How to Run Your Own DNS-over-HTTPS Resolver with AdGuard Home

DNS-over-HTTPS (DoH) encrypts your DNS queries, preventing ISPs, network administrators, and attackers from monitoring which websites you visit. While public DoH resolvers like Cloudflare and Google exist, running your own gives you complete control over your DNS privacy, ad-blocking capabilities, and query logs. In this comprehensive guide, you’ll learn how to set up your own DNS-over-HTTPS resolver using AdGuard Home.

Why Run Your Own DoH Resolver?

Privacy and Control: When you use public DNS resolvers, you’re trusting third parties with metadata about every website you visit. Running your own DoH resolver keeps this data under your control. You decide what gets logged, how long logs are retained, and who has access to them.

Centralized Ad-Blocking: AdGuard Home combines DNS-over-HTTPS encryption with powerful ad-blocking and tracker filtering. Instead of configuring ad-blockers on every device, your DoH resolver blocks ads network-wide for all connected devices — phones, tablets, smart TVs, and IoT devices.

Protection from DNS Hijacking: Many ISPs hijack DNS queries to inject ads, redirect typos to search pages, or log your browsing history. DoH encryption prevents this interference, ensuring your queries reach your resolver unmodified.

Bypass DNS-Based Censorship: Encrypted DNS prevents network-level censorship based on DNS filtering. While VPNs offer broader protection, DoH alone can bypass many simple DNS-based blocks without the performance overhead of a full VPN tunnel.

Better Performance: Running a local DoH resolver eliminates latency from remote DNS services. Queries stay on your network until they’re forwarded upstream, and AdGuard Home’s aggressive caching reduces upstream queries significantly.

Prerequisites

Before starting, you’ll need:

• A server or homelab device: Any Linux system will work.
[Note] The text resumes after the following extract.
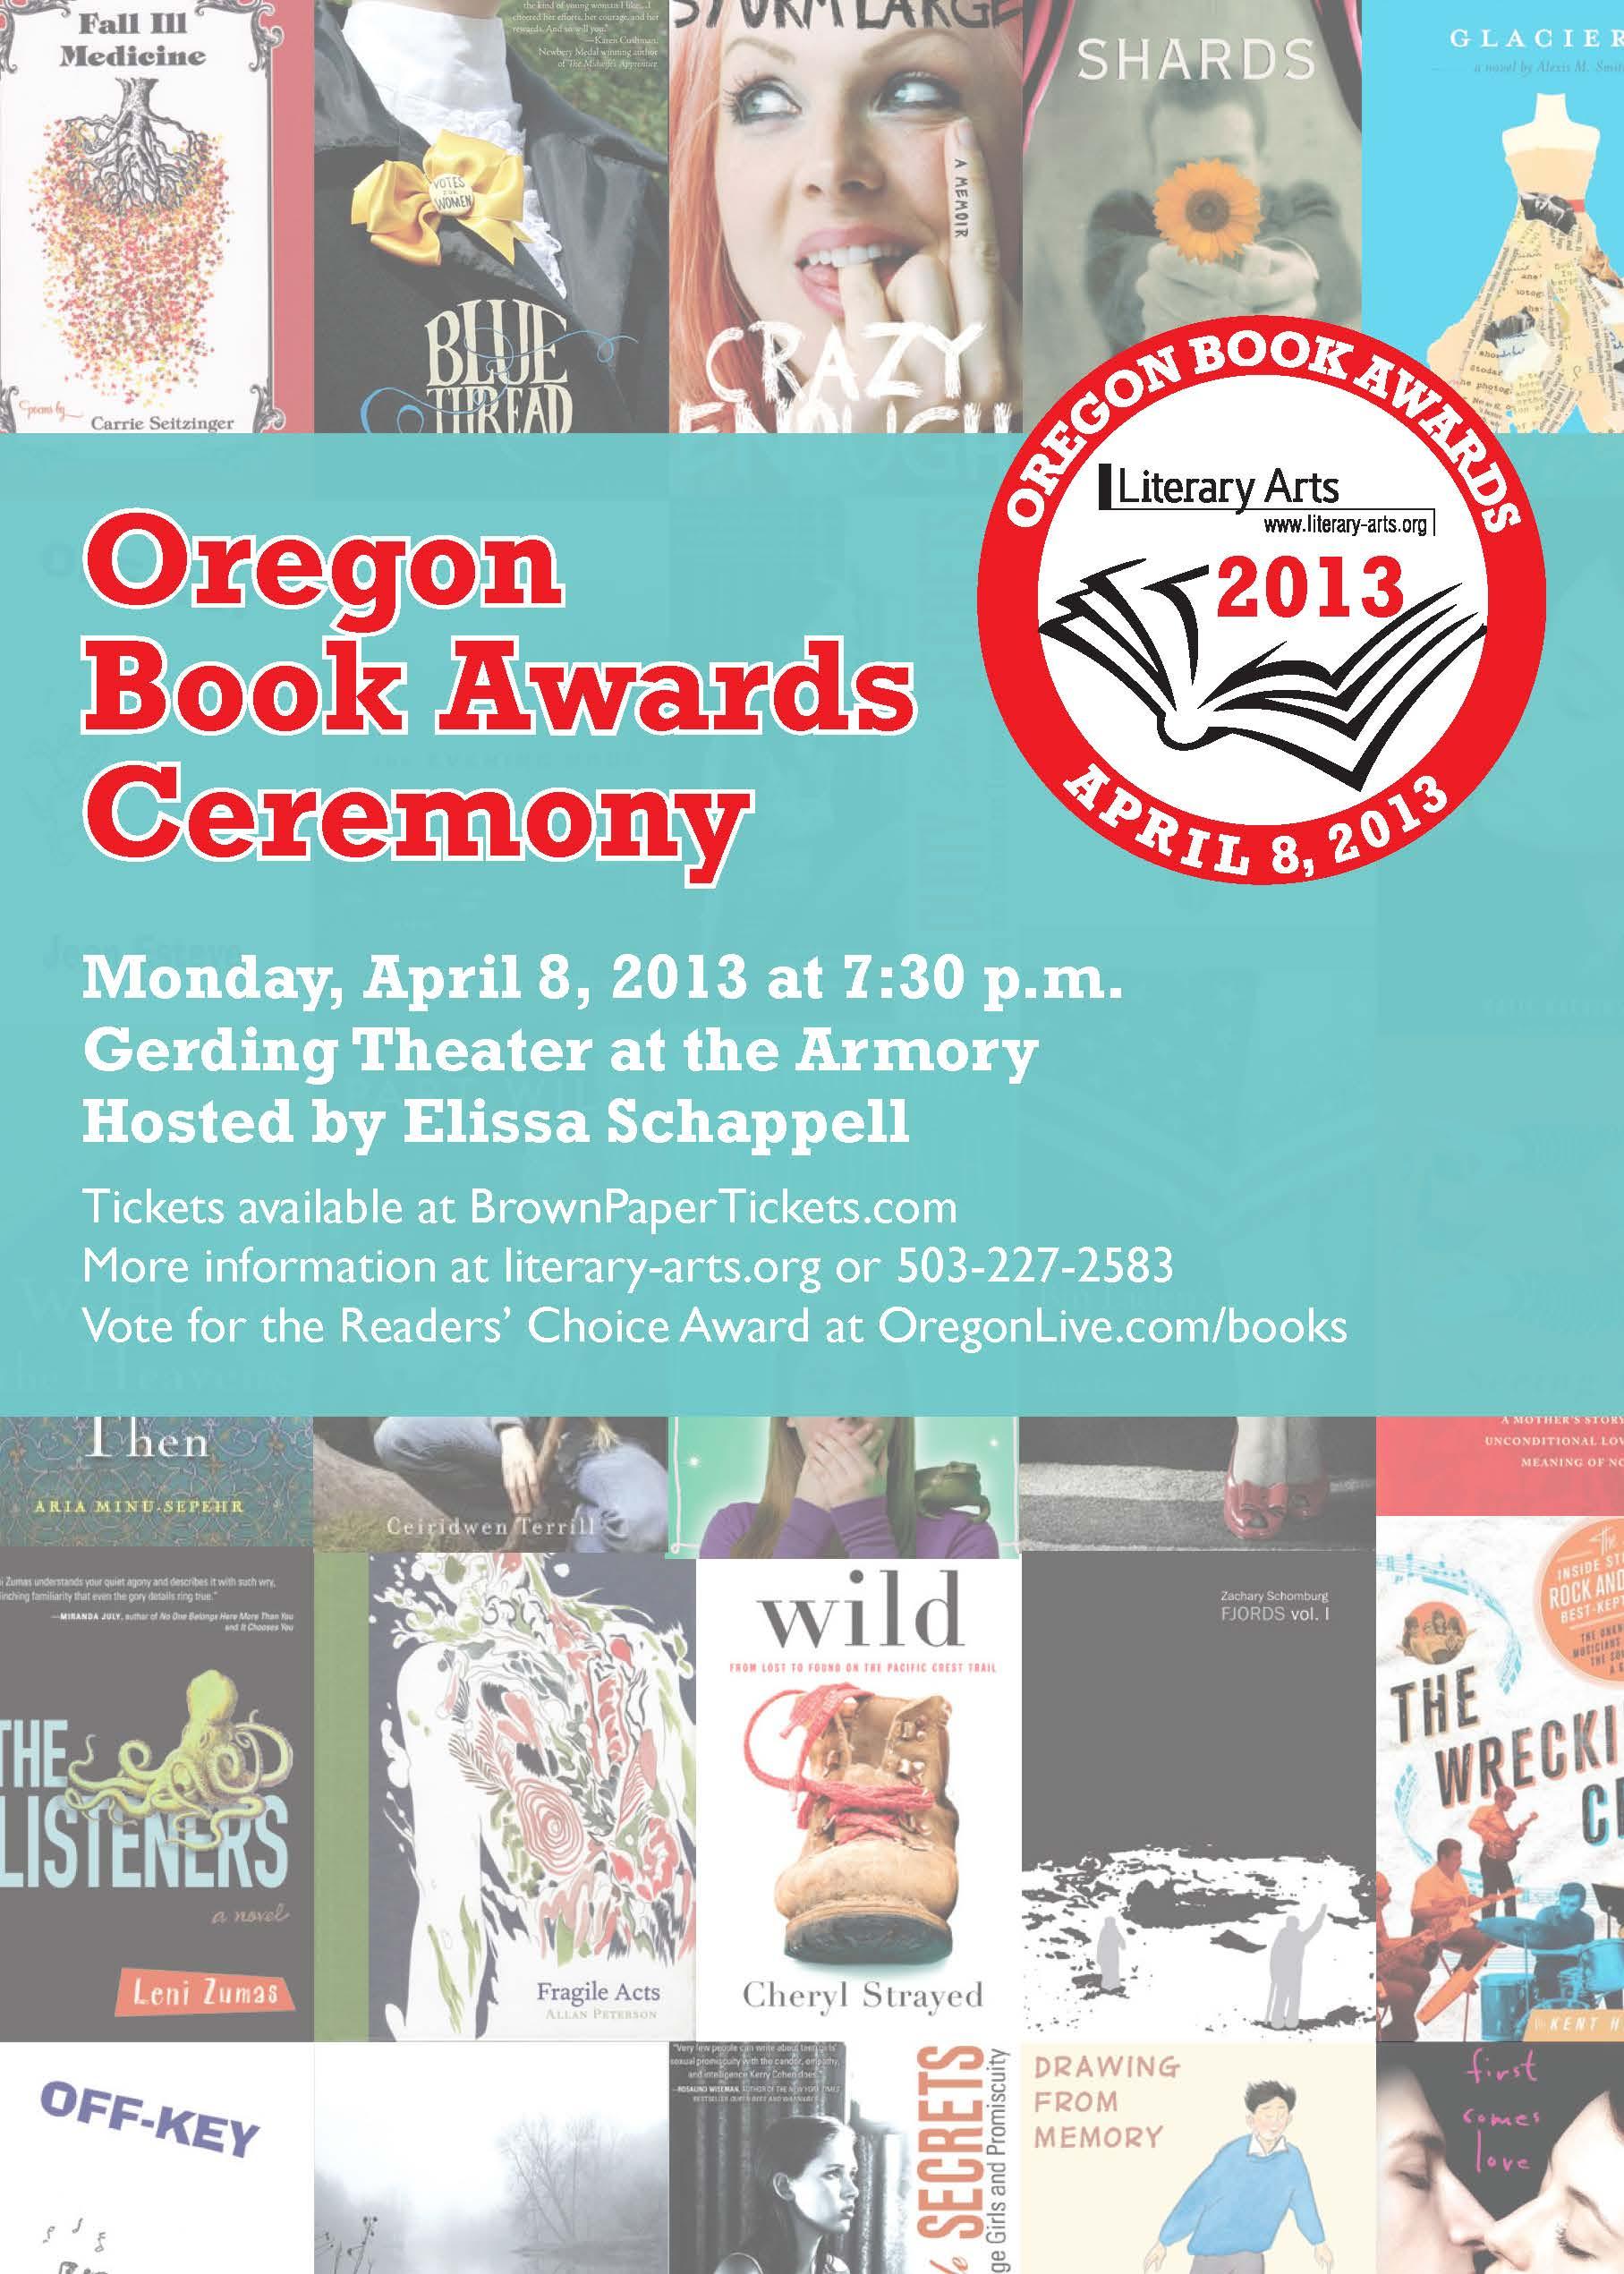 Postcard for the 2013 Oregon Book Awards

A mini PC like the Beelink SER5 Max or Intel NUC makes an excellent always-on DNS server
• Docker and Docker Compose installed: We’ll use containers for easy deployment and isolation
• A domain name: For proper TLS certificates (Let’s Encrypt requires a real domain)
• Port 443 and 53 available: DoH uses HTTPS (443), and standard DNS uses port 53
• Basic Linux command-line knowledge: You’ll be editing configuration files and running Docker commands

Understanding DNS-over-HTTPS Architecture

Before diving into configuration, let’s understand how DoH works:

Standard DNS sends queries in plaintext over UDP port 53. Anyone monitoring your network (ISP, Wi-Fi administrator, attacker) can see every domain you query. DNS responses are also unencrypted and can be spoofed.

DNS-over-HTTPS encapsulates DNS queries inside HTTPS requests. Your device sends encrypted HTTPS traffic to your DoH resolver on port 443 (or 853 for DNS-over-TLS). The queries are encrypted using TLS, making them indistinguishable from regular HTTPS traffic.

Your DoH resolver (AdGuard Home) receives these encrypted queries, decrypts them, processes them (applying filters and ad-blocking rules), then forwards them to upstream DNS servers. The responses follow the reverse path back to your client, encrypted end-to-end.

Step 1: Set Up AdGuard Home with Docker

Create a directory for your AdGuard Home configuration:

1
2

mkdir -p ~/adguardhome/{work,conf}
cd ~/adguardhome

Create a docker-compose.yml file:

 1
 2
 3
 4
 5
 6
 7
 8
 9
10
11
12
13
14
15
16
17
18
19

version: '3'

services:
  adguardhome:
    image: adguard/adguardhome:latest
    container_name: adguardhome
    restart: unless-stopped
    ports:
      - "53:53/tcp"        # DNS
      - "53:53/udp"        # DNS
      - "80:80/tcp"        # Web UI (initial setup)
      - "443:443/tcp"      # DoH
      - "443:443/udp"      # DoH (HTTP/3)
      - "3000:3000/tcp"    # Initial setup web UI
    volumes:
      - ./work:/opt/adguardhome/work
      - ./conf:/opt/adguardhome/conf
    cap_add:
      - NET_ADMIN

Important Port Notes:

• Port 3000 is only needed for initial setup; you can remove it after configuration
• Port 80 can be removed after setup if you only want DoH (not plain HTTP management)
• Ports 443 TCP and UDP enable both HTTPS and HTTP/3 for DoH

Start AdGuard Home:

1

docker compose up -d

Step 2: Initial AdGuard Home Configuration

Open your browser and navigate to http://your-server-ip:3000. You’ll see the AdGuard Home setup wizard.

Setup Steps:

1. Choose Port: Keep the defaults (port 80 for admin panel, port 53 for DNS). We’ll configure HTTPS in the next step.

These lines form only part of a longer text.